The task force’s efforts have broader implications, write Feldman, editor in chief of the American Journal of Kidney Diseases, and Briggs, editor in chief of the Journal of the American Society of Nephrology, the journals that both published the interim report.

This process “should serve as a starting point to robustly address and reverse the unacceptable excessive burden of kidney disease in people within racial minority communities,” they say in their editorial.

“The use of race in clinical algorithms, such as for the estimation of GFR, normalizes and reinforces the misconception of race as a biological determinant of health and disease,” comments Paul M. Palevsky, MD, president of the National Kidney Foundation, in a written statement.

“This is not to say that clinicians should ignore race and ethnicity. Doing so would blind us to the disparities and inequities present in health and healthcare. But we must not conflate the societal effects of race and racism on health, healthcare and kidney diseases with physiologic and pathophysiologic determinants of health,” Palevsky writes.

US Labs Await Guidance

Once the task force’s recommendations come out later this year, “the National Kidney Foundation and American Society of Nephrology have assured us that they will do their best to mount an effort to implement the recommendations,” said Neil R. Powe, MD, co-chair of the task force.

He and other task force members expect a very receptive audience.

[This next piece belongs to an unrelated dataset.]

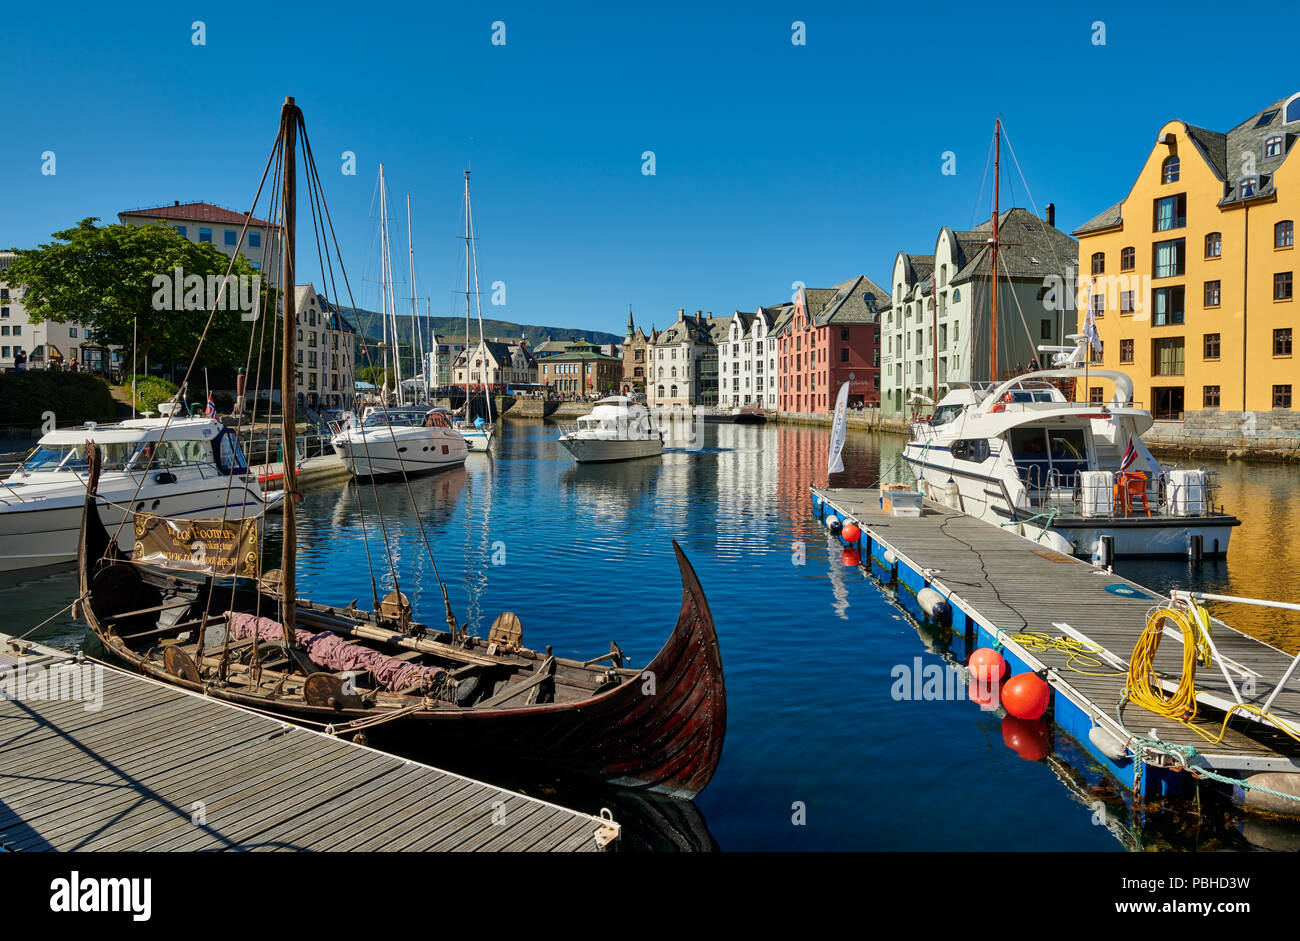 Vue sur le vieux port avec les édifices Art nouveau historique, Ålesund, Norvège, Europe Banque D'Images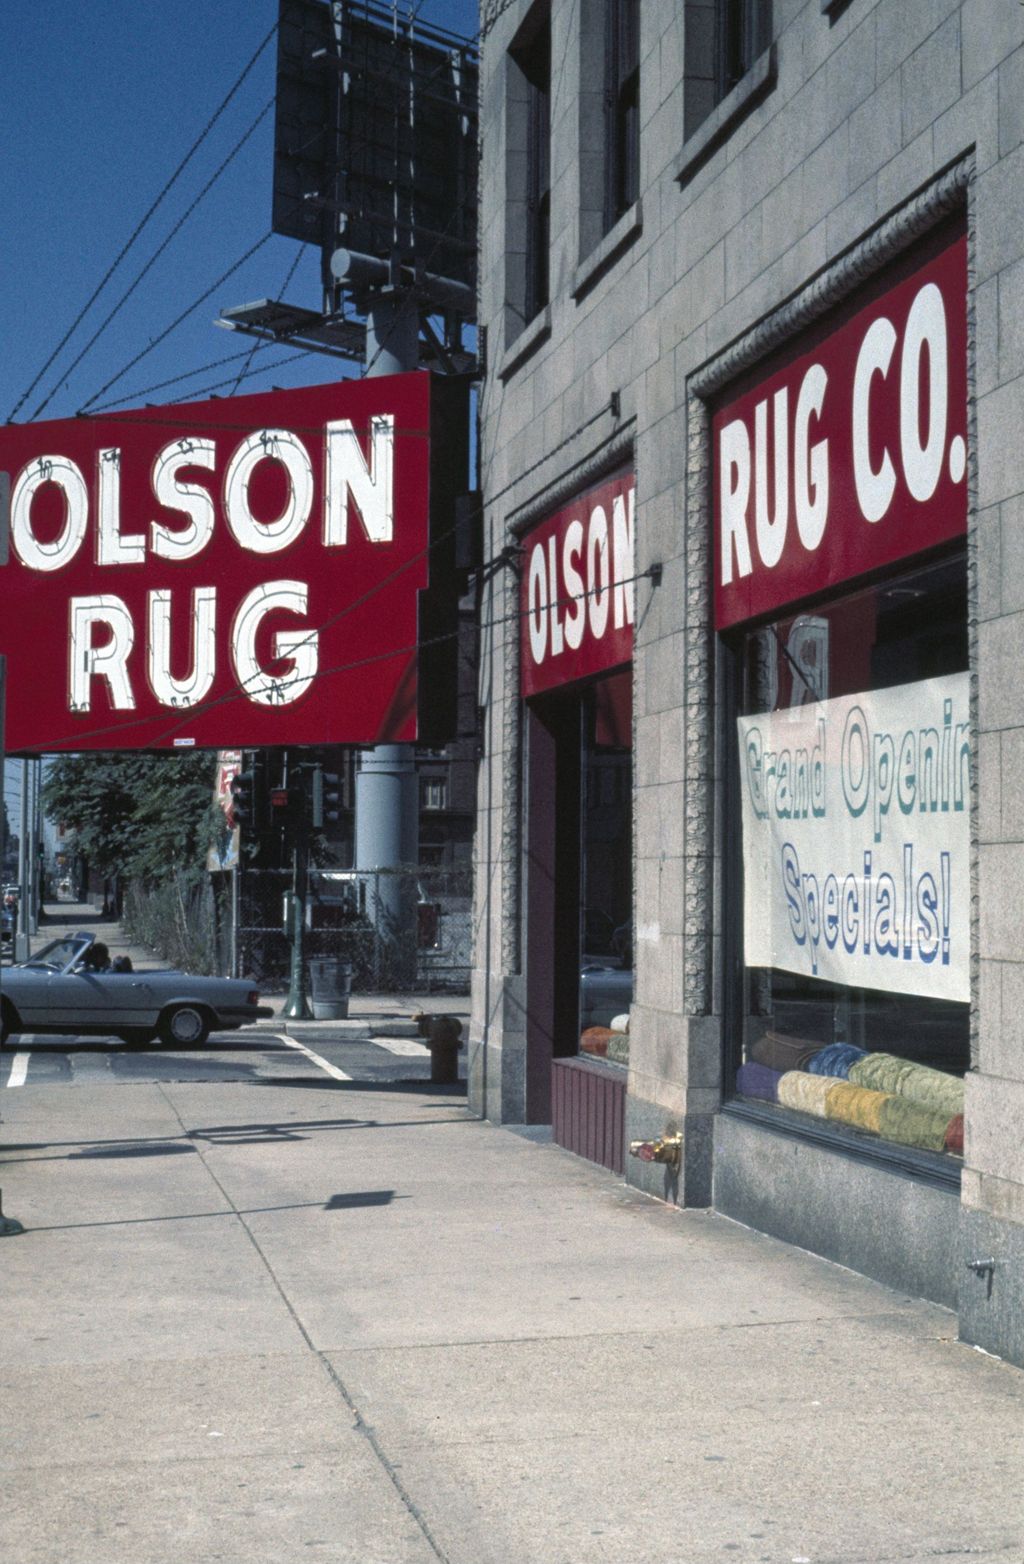 Miniature of Olson Rug store, East Ohio Street

“We won’t need to sell this to any laboratories. They are very eager to hear the recommendations,” says Delgado.

“The laboratory community in general, both large commercial labs and labs at academic medical centers and community hospitals, are all anxiously awaiting the recommendations,” agrees W. Greg Miller, PhD, a professor of pathology at Virginia Commonwealth University, Richmond, Virginia, and a task force member. “The lab community is prepared to change. They just need guidance on what makes the most sense to do.”

Regardless of this willingness, “it will probably take a couple of years for full implementation of the recommendations, for a variety of technical reasons,” Miller said.

Delgado, Powe, Feldman, Briggs, and Palevsky have disclosed no relevant financial relationships. Baweja has an employment relationship with Premier, Inc. St. Peter receives honoraria from Integritas Group and OptumLabs. Miller is a consultant to Baebies.